La gloria de la caída de Puebla se la llevó el General Aquiles Bazaine. Lo que de México se llevó Elías Forey fue el bastón y las abejas doradas de Mariscal de Francia, y el recuerdo de sus proclamas y su entrada triunfal en la ciudad de México, al lado de las dos personas que, en esos momentos, odiaba más que a nadie: Almonte y Saligny. Un tal General Salas entregó las llaves de la ciudad a Forey en la garita de San Lázaro y poco después las tropas francesas entraban en la capital mexicana, donde fueron recibidas por arcos triunfales y una lluvia de flores tan tupida que algunos caballos se encabritaron, asustados. Menudearon los gritos de «Vive l’Empereur!» y los balcones estaban adornados no sólo con banderas francesas, sino también con las bellas mexicanas que habían escaseado en Puebla de los Ángeles. Al escritor y político francés Emile Ollivier, ese recibimiento le recordó el que los propios franceses le dieron a las tropas aliadas cuando entraron a París, en 1814, para liberarlo de la dictadura de Bonaparte: enloquecido, el pueblo parisino gritaba: «Vivent les alliés! Vive Guillaume! Vive Alexandre! Vivent les Bourbons!». Pero por otra parte, el recibimiento le costó a las propias tropas francesas más de noventa mil francos, la mayor parte, al parecer, en el acarreo de campesinos: el capitán francés Loizillon, en una carta dirigida a su madrina, le contó que Almonte había alquilado a los campesinos, para el recibimiento, a razón de tres centavos por cabeza, más un vaso de pulque. Esta técnica, sin embargo, no era ni mexicana ni nueva: años antes, las autoridades austríacas del Lombardovéneto, cuando Francisco José e Isabel visitaron Milán, habían alquilado a campesinos y puebleños a razón de una lira por cabeza.
La entrada de Forey a la ciudad de México, el 10 de junio de 1863, coincidió con la salida de Veracruz de las naves «Cerès» y «Darien» en las que iban a bordo los prisioneros de guerra mexicanos, y con la llegada, a Fontainebleau, de la noticia de la caída de Puebla. La orquesta tocó el himno «Reine Hortense», Luis Napoleón lloró de la emoción y José Manuel Hidalgo quedó rehabilitado en la corte de las Tullerías y nadie, al menos por un tiempo, pudo exclamar de nuevo al encontrárselo en una fiesta, como lo habían hecho ya: «Ecco la rovina della Francia!» —he aquí la ruina de Francia.
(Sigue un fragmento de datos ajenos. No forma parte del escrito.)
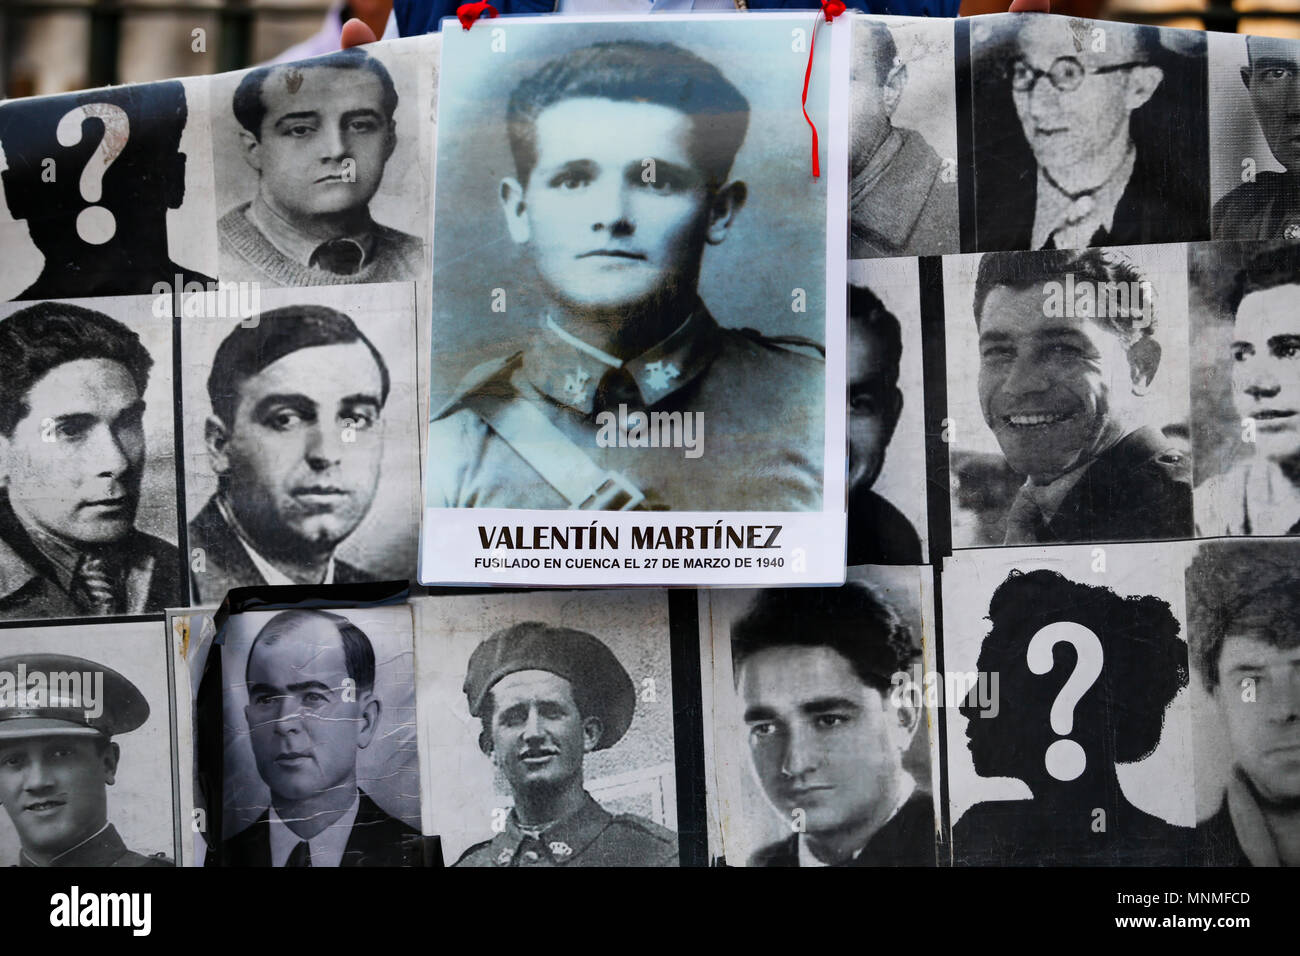 Fotografie di scomparso dal regime di Franco con migliaia di irrisolti fotografie e ritratti visto pubblicato nel centro di Madrid. I dimostranti si sono riuniti nel centro di Madrid in un ricordo di rally per chi ha perso la vita sotto la dittatura di Franco. Foto Stock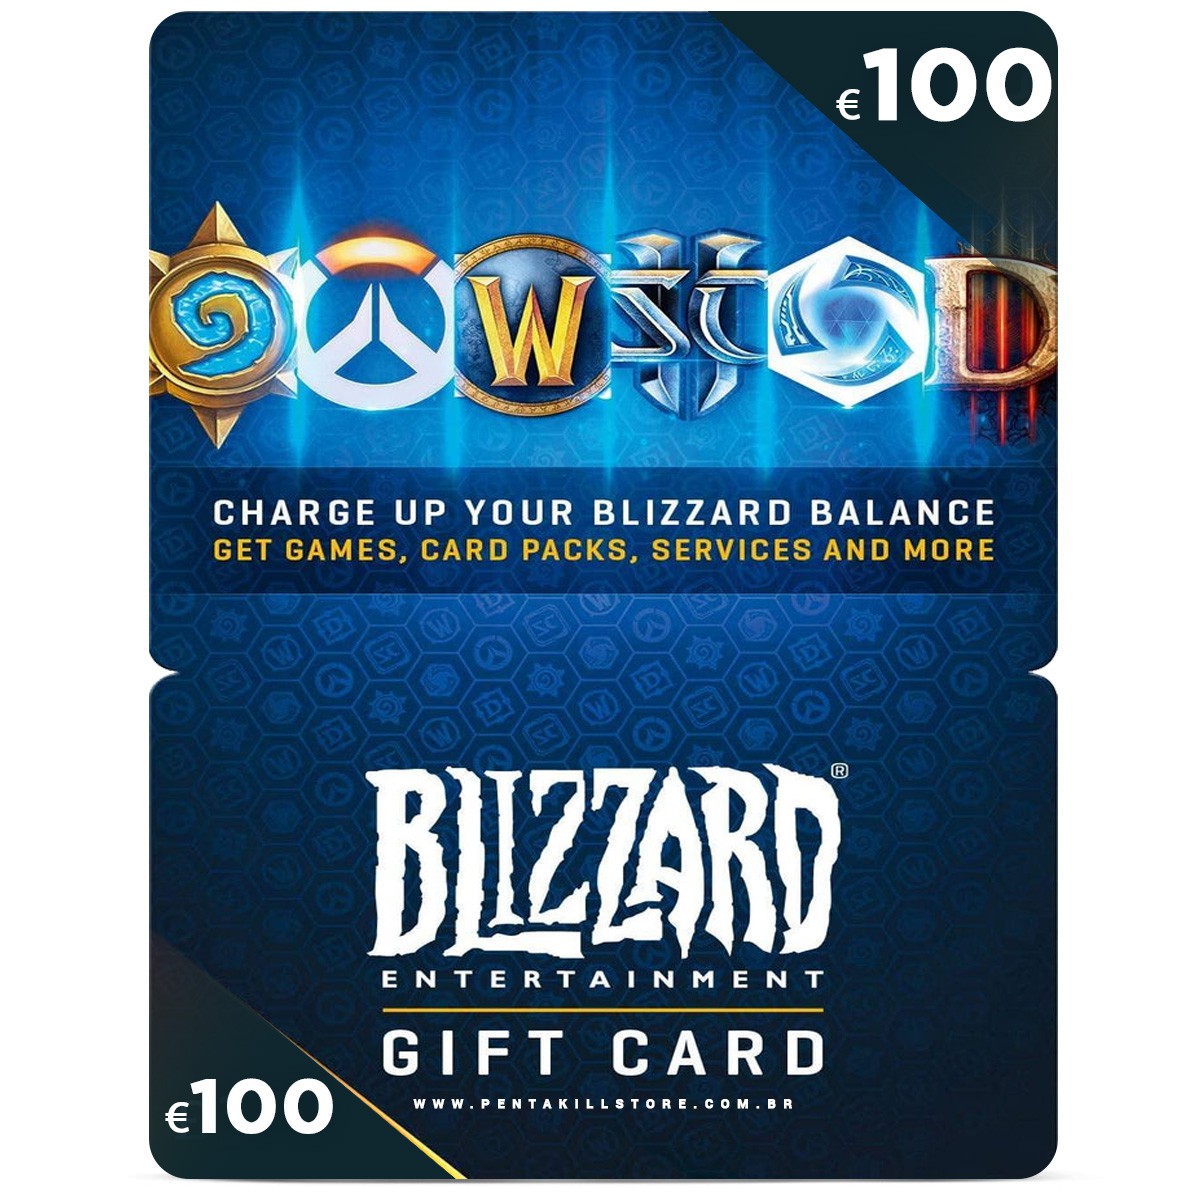 Steam Gift Card - Cartão Pré Pago R$ 20 - Código Digital - PentaKill Store  - Gift Card e Games

La columna francesa entró a México por el este. Juárez, tras arriar la bandera republicana, salió por el oeste. A la vanguardia marchaba el General Negrete con quinientos soldados, y en las carretelas que seguían a la columna iban el presidente y miembros de su gabinete, de la Suprema Corte y de la Comisión Permanente del Congreso, así como el Archivo de la Nación. Grandes cantidades de armas y municiones quedaron abandonadas. Don Benito invitó al cuerpo diplomático —formado entonces por los representantes de sólo cuatro países: Ecuador, Venezuela, Perú y los Estados Unidos— a acompañarlo. Su invitación fue declinada, pero el Embajador del Perú, Manuel Nicolás Corpancho —quien deseaba que México se agregara a la «Unión Americana» proyectada por su país para defender la independencia de Hispanoamérica y que contaba ya con el apoyo también de Chile y Ecuador— mantuvo en la capital, por un tiempo, cuatro recintos amparados por la bandera peruana donde podían asilarse los liberales mexicanos. Benito Juárez se dirigió a la ciudad de San Luis Potosí, primera escala de su presidencia ambulante.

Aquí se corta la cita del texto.